Y'all need to come to the Ozarks, I'll fix you up right smart here, only $ 2,222 per acre with a spring piped into the house, bet we got more chicks and tiggers herebouts, though. We got them Hogs, too, iffn you are of that persuasion. Oh, sorry...


----------



## chickenista

I beg you with my forehead in the dust dampened with the tears from my eyes....don't sell it a developer. I know the millions are nice, but please, sell it to someone with respect in their hearts and love in their eyes. Too much of WNC is being eaten by developments and it is heartbreaking for those of us whose families have been here for hundreds of years. We can't afford it, we are poor mountain people. I would give you a kidney for it if you wanted....I really would.


----------



## georgiarebel

chickenista said:


> I beg you with my forehead in the dust dampened with the tears from my eyes....don't sell it a developer.


+1 

It would be a dream to have that much land in the mountains. I wouldn't have the heart to sell it. Some carpetbagger :1pig: is probably already licking his chops over it. 

GR


----------



## chris30523

hillsidedigger said:


> People here at HT do not believe me when I say $20k per acre is the going price even for a 60 acre tract of woods and mountainsides in many parts of WNC, but it is. I was just offered $22k/acre for 11 acres (5 times what I paid 12 years ago) and I will take it if it comes to a closing.

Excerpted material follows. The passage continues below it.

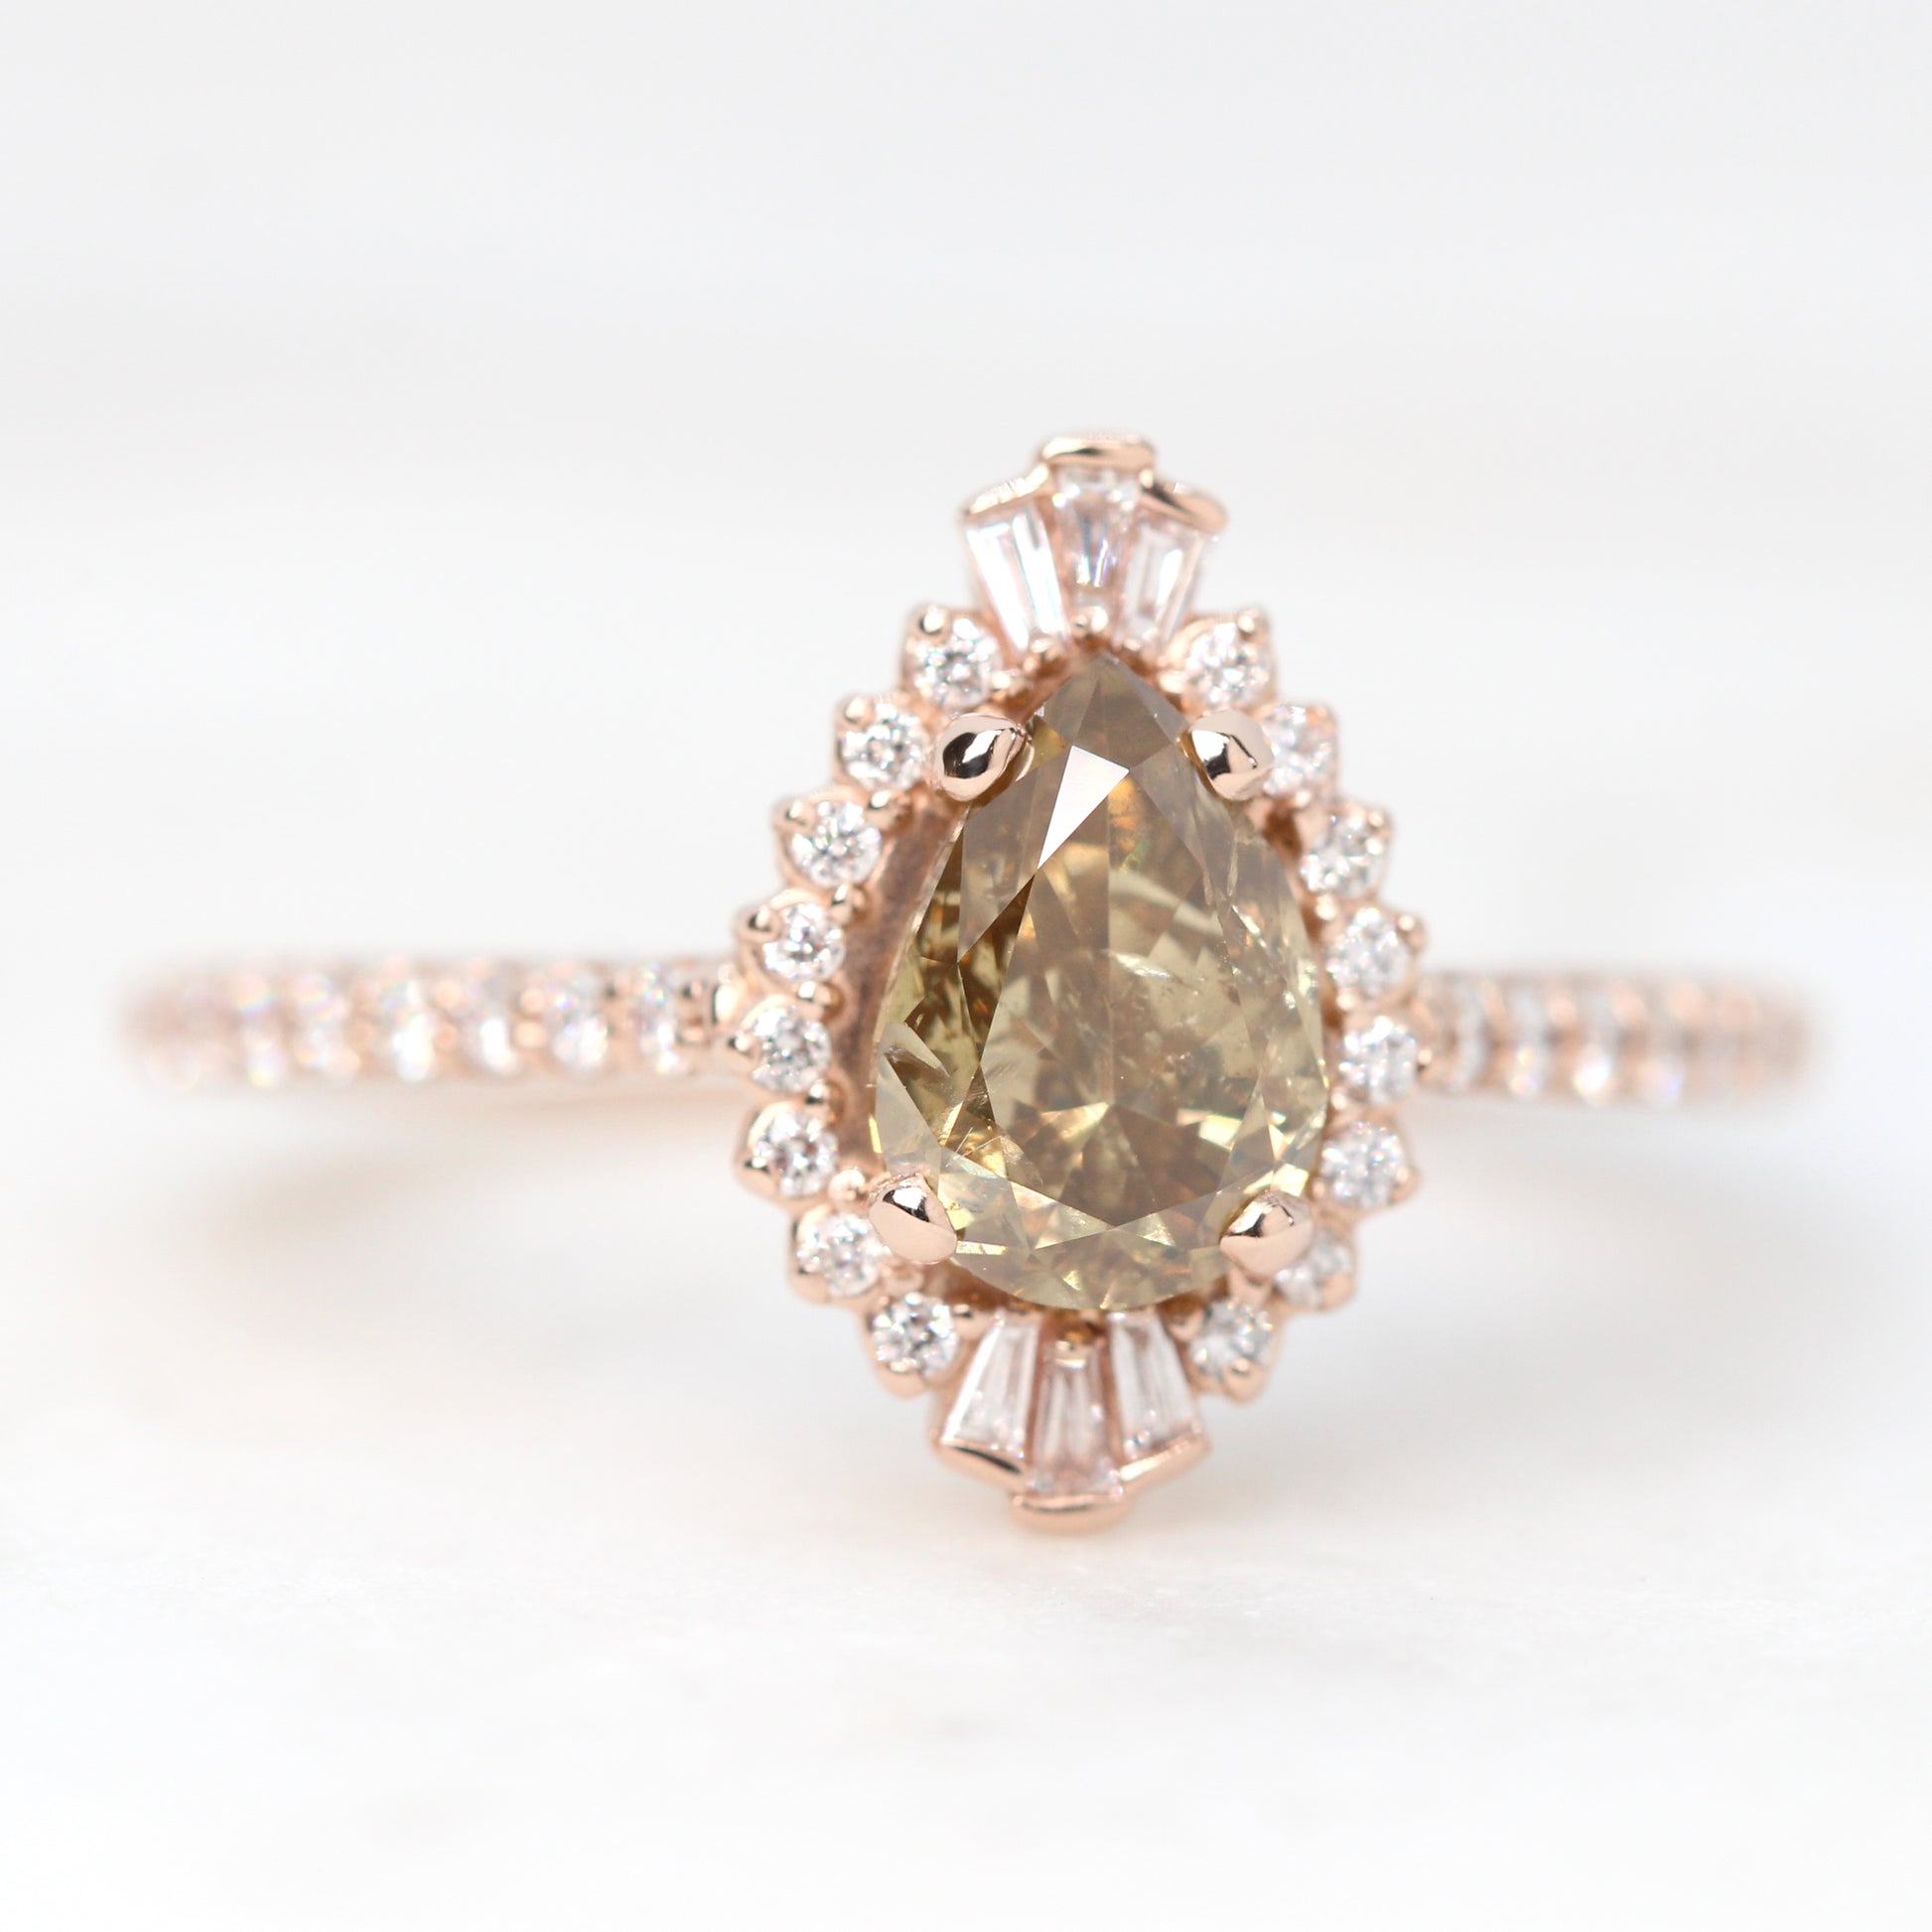 Tinsley Ring with a 1.01 Carat Pear Champagne Salt and Pepper Diamond and White Accent Diamonds in 14k Rose Gold - Ready to Size and Ship - Midwinter Co. Alternative Bridal Rings and Modern Fine Jewelry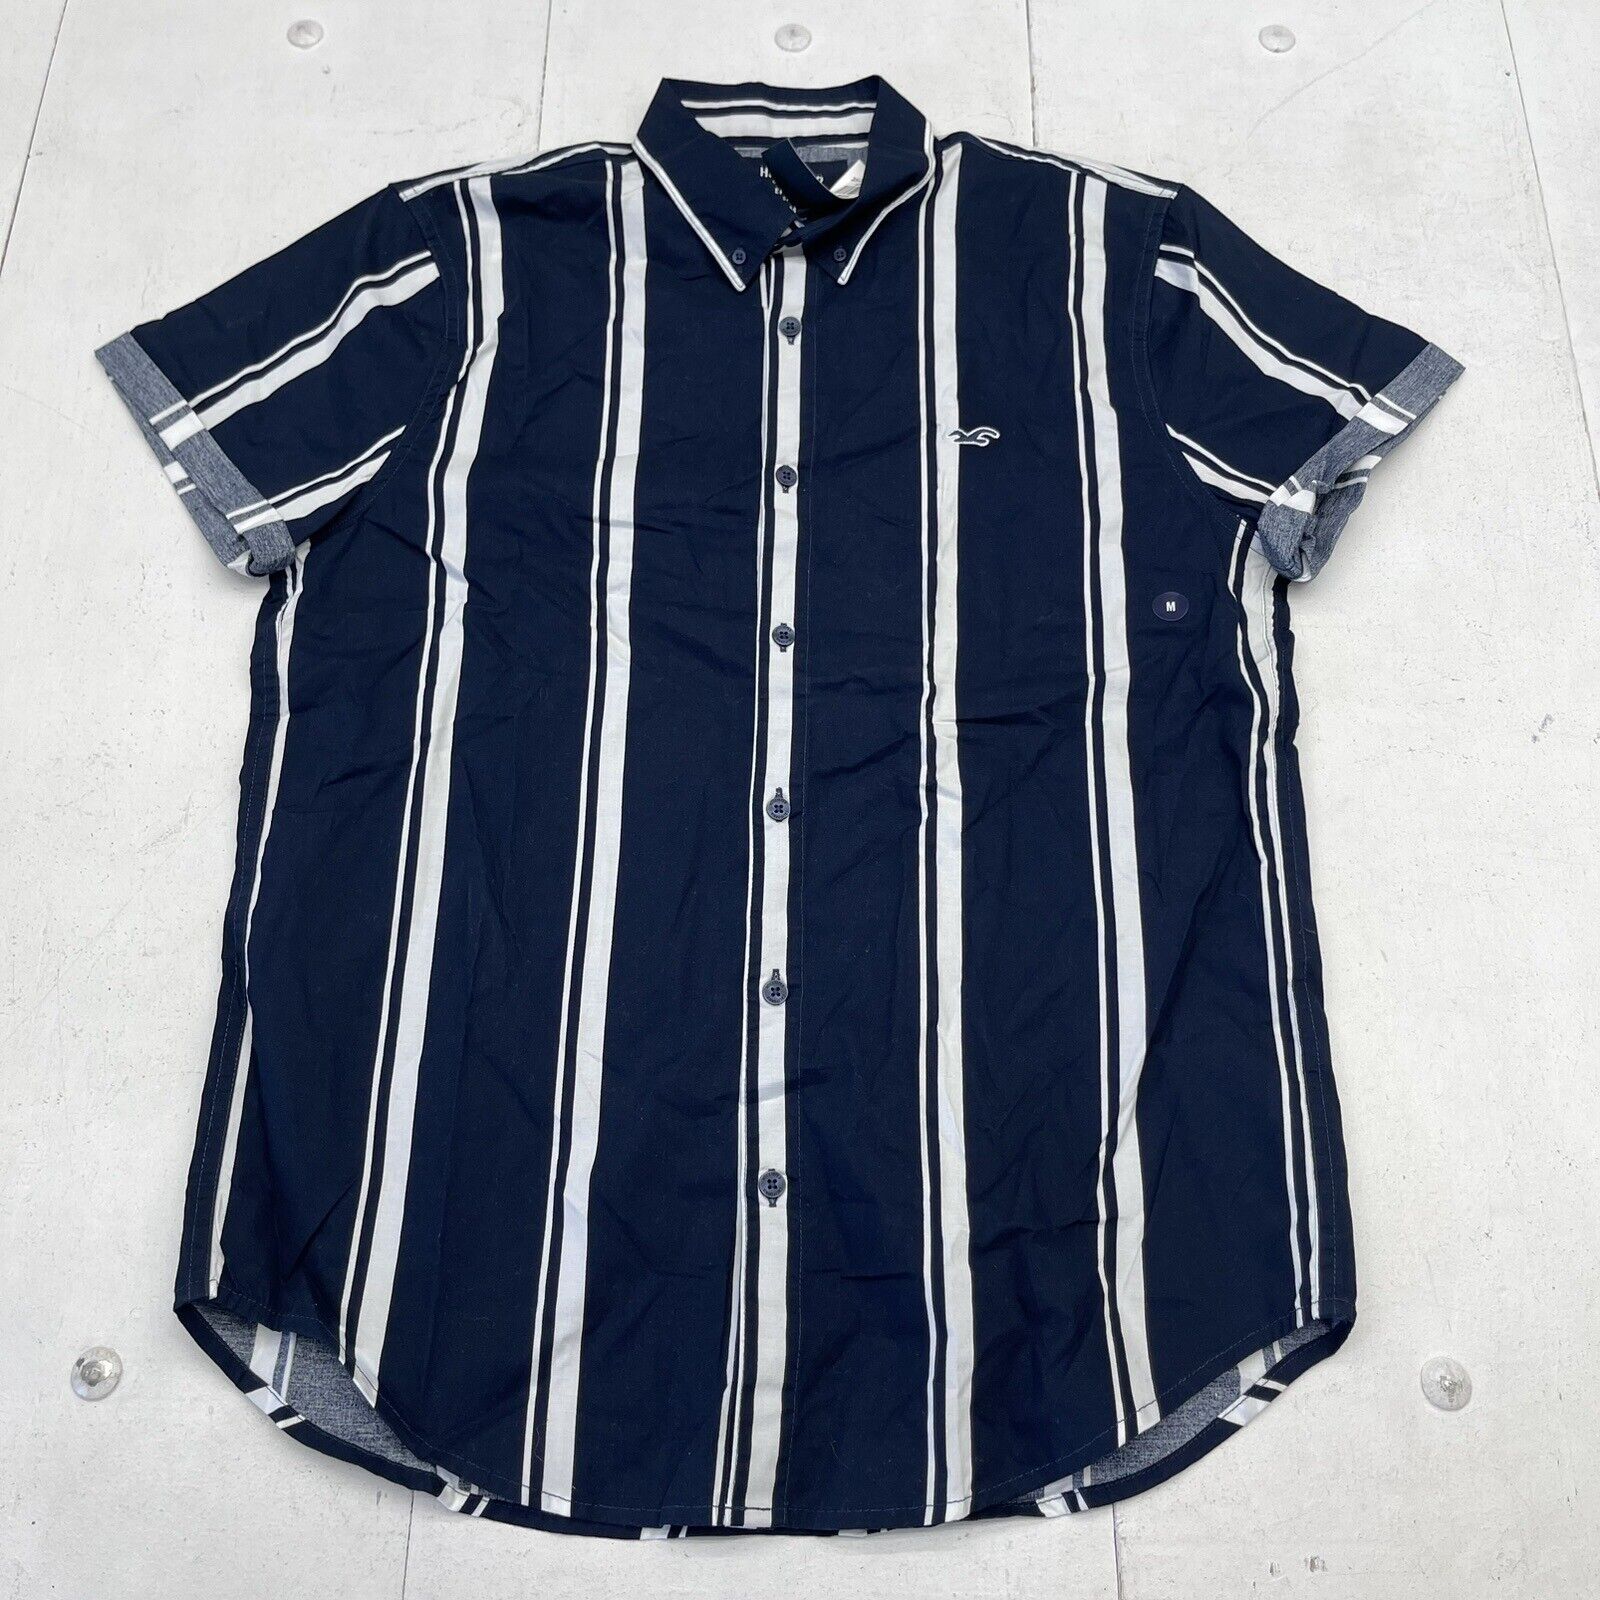 Hollister, Tops, Hollister Striped Button Down Shirt Size Small S

Same here in NE GA .It is amazing. I have 30 acres right outside the city limits and I was offered (by a developer)975,000 for it. I imagine I will eventually have to take an offer because of where we are.We bought this place 5 years ago and paid a little over 10,000 an acre for it :shrug: Land prices in this area are amazing. I would sell but I could't find anything comparable close by(That wouldn't cost as much or more) and this is where our family is.Although I could get a pretty nice place in the Ozarks for that price.


----------